[Start of section]
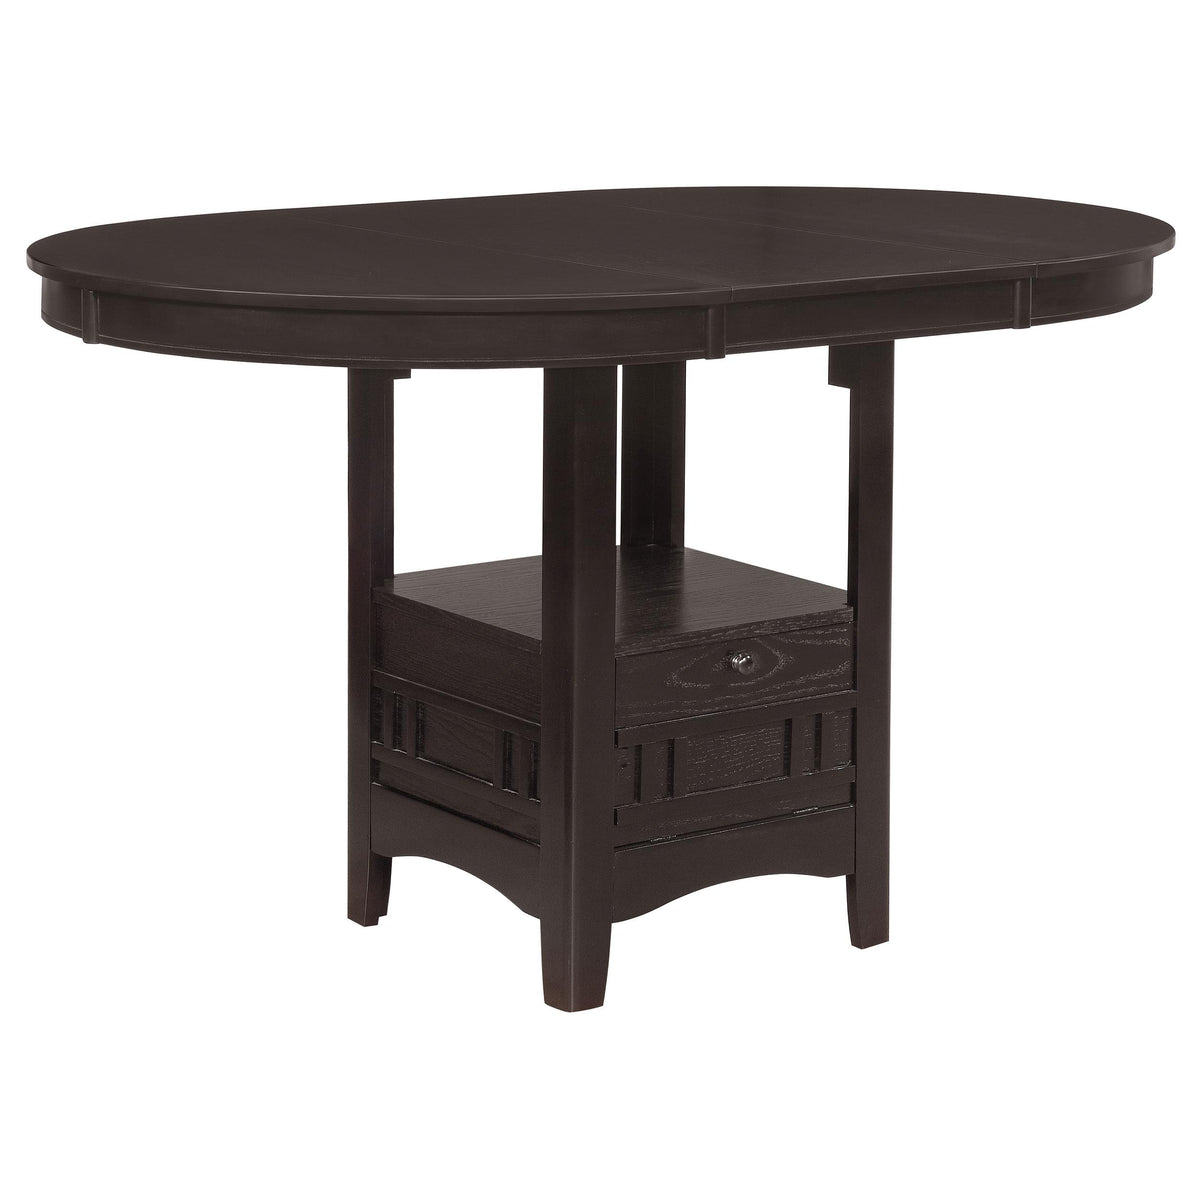 Lavon Oval Counter Height Table Espresso  Half Price Furniture
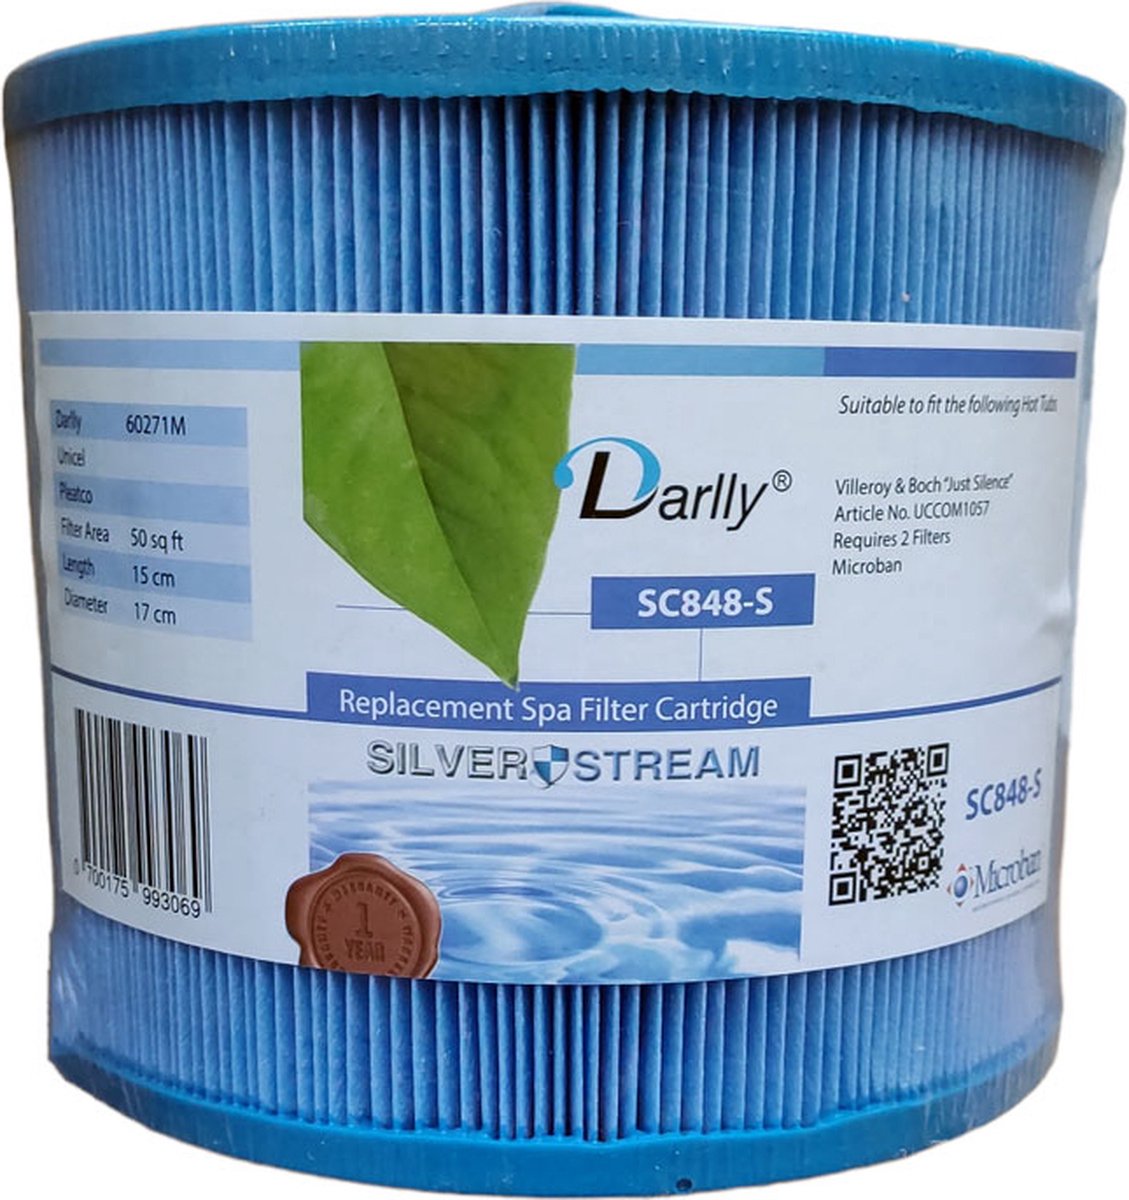 Darlly spa filter SC848-S
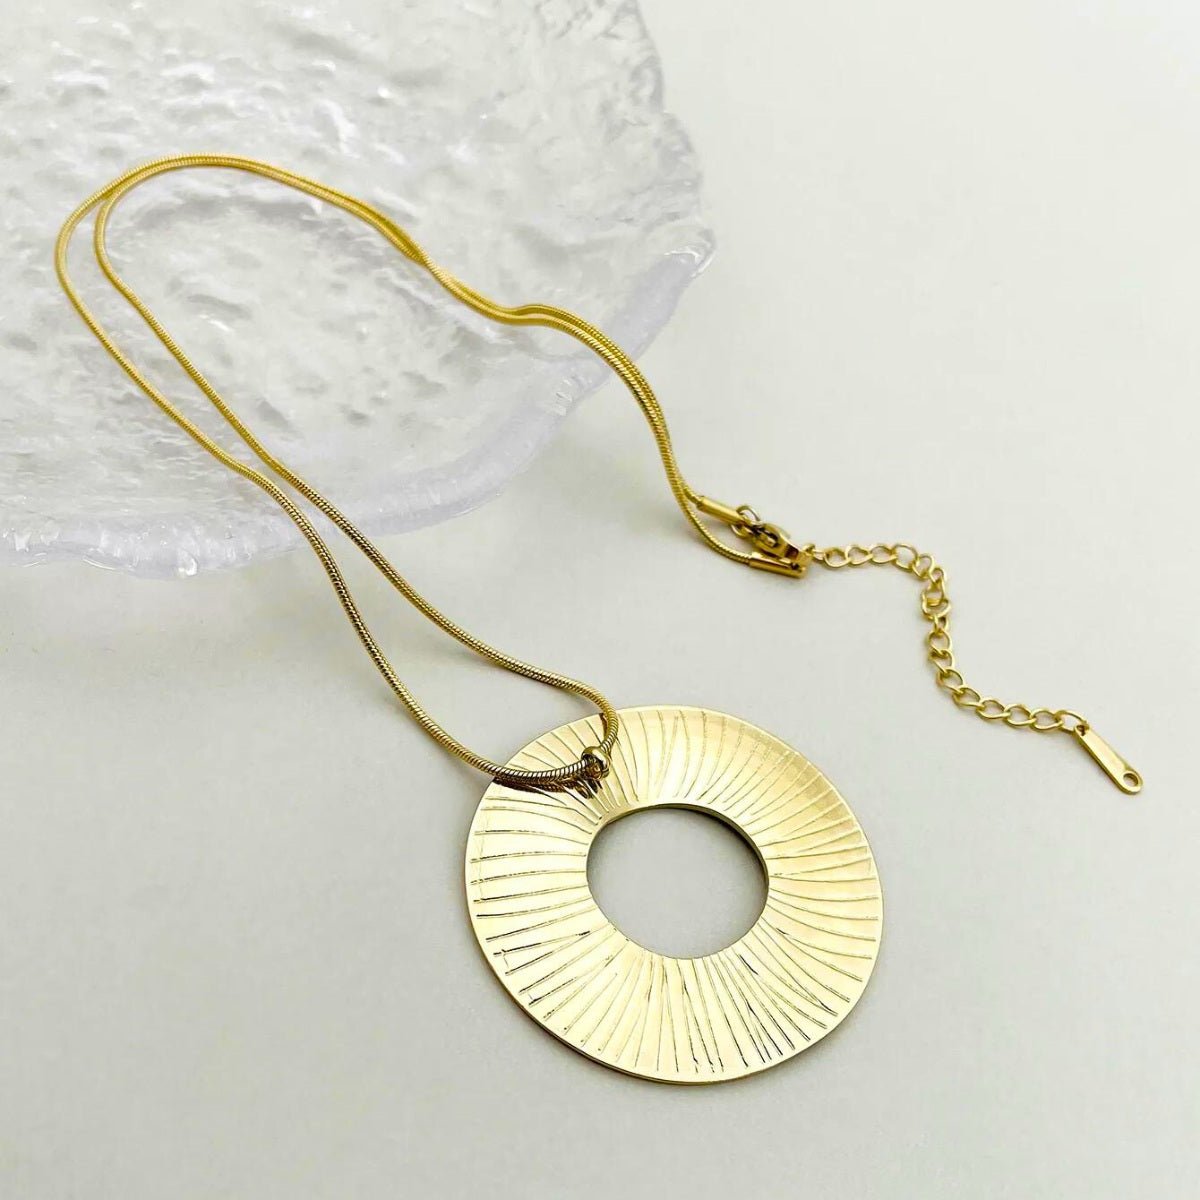 Γυναικείο κολιέ ατσάλινο μακρύ 50 + 6 εκατοστά με κυκλικό στοιχείο 4.5 εκατοστά επιχρυσωμένο (N1352) - necklace - charmy.gr
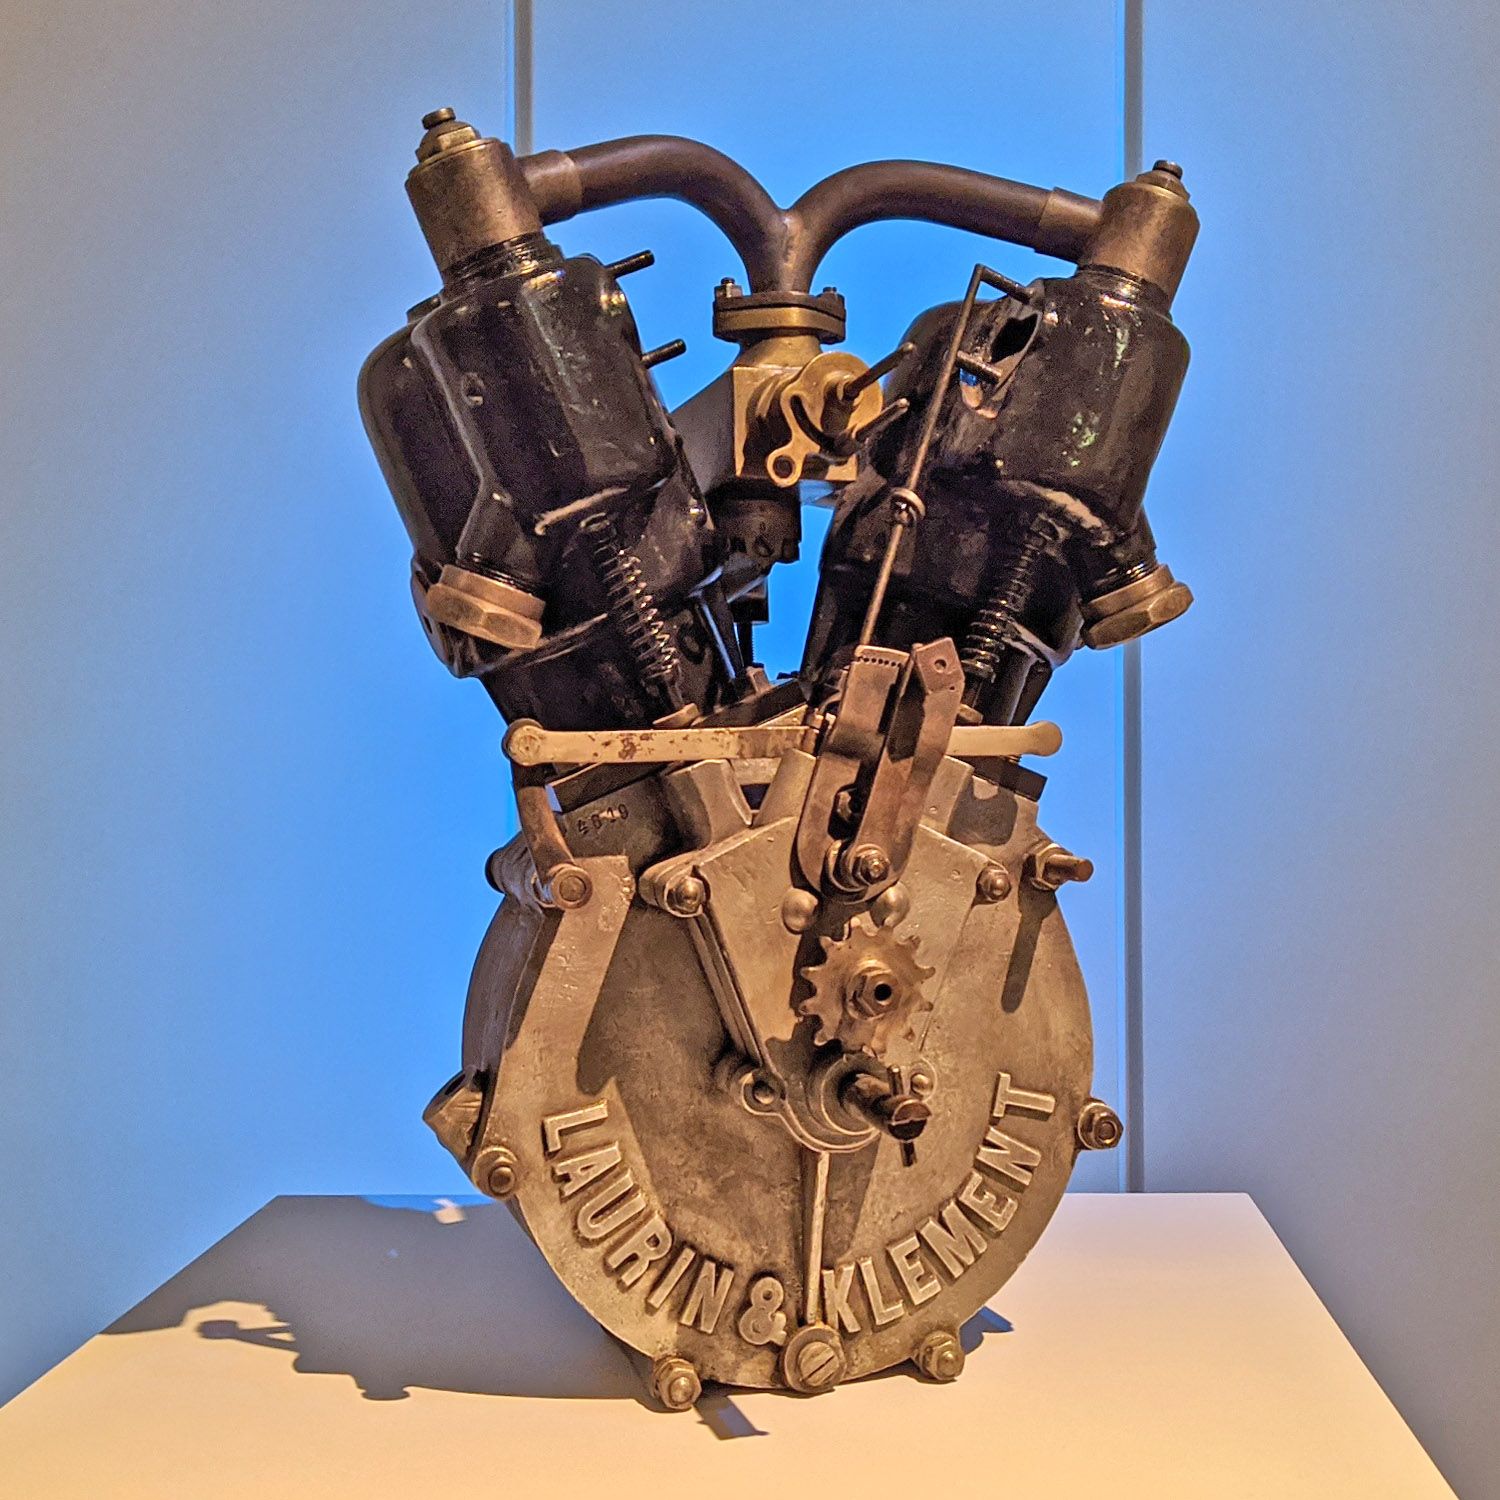 Двигатель автомобиля Laurin & Klement. Нач. ХХ века. Политехнический музей
[End of section]
● **EXERCISE DIRECTIONS**
Your reply must match the data above line for line, except that it holds no pictures.

● **EXPECTED ANSWER**
 Lavon Oval Counter Height Table Espresso  Half Price Furniture
 Darlly spa filter SC848-S
 Γυναικείο κολιέ ατσάλινο μακρύ 50 + 6 εκατοστά με κυκλικό στοιχείο 4.5 εκατοστά επιχρυσωμένο (N1352) - necklace - charmy.gr
 Двигатель автомобиля Laurin & Klement. Нач. ХХ века. Политехнический музей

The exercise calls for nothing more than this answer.